Symmetric property of equality

The symmetric property of equality is one of the basic properties of equality in mathematics. Others include the reflexive and transitive properties of equality. The symmetric property of equality states that for two variables, a and b:

if a = b, then b = a

This just means that regardless which side of an equal sign any given variables are on, the two variables (or expressions) are equal. This is used widely throughout mathematics, such as in algebra, in which equations are solved based on the understanding that expressions on either side of any given equation are equal. It is also worth noting that when solving equations in algebra, the result x = 12 is the same as 12 = x. Although both are correct, by convention, the variable is typically written on the left hand side of the equation.

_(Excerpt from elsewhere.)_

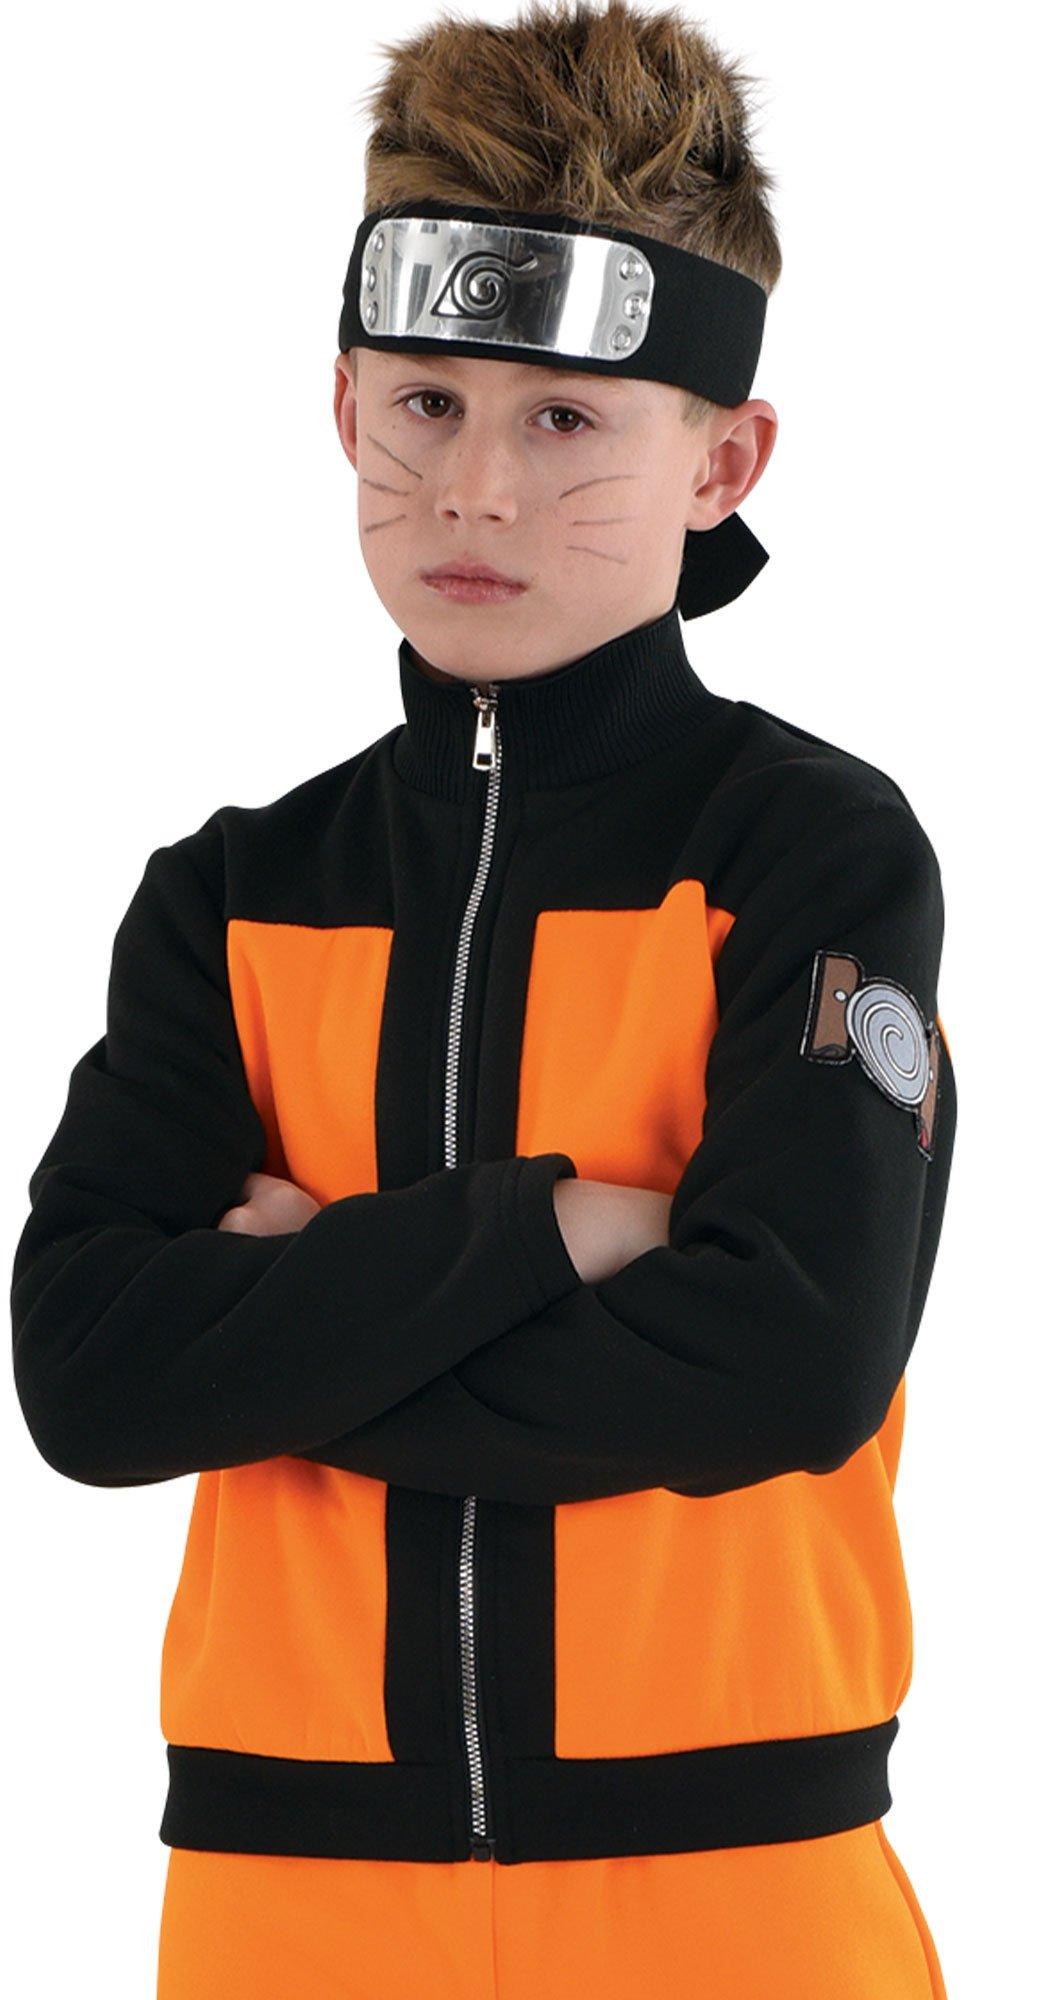 Kid's Naruto Shippuden Naruto Costume

1. If 3 + 4 = 7, then 7 = ?:

7 = 3 + 4 or 7 = 4 + 3

2. If A = l × w, then l × w = ?:

l × w = A or w × l = A

It doesn't matter how the numbers or variables are re-arranged on the same side of the equation, they will remain equal as long as any operations applied to either side are applied to the other side in exactly the same way. It is common to manipulate equations in this manner in algebra. For example, if we added 5 to both sides of the equation in example 1, although the value would change, the expressions would remain equal:

3. If 3 + 4 + 5 = 7 + 5:

7 + 5 = 7 + 5

12 = 12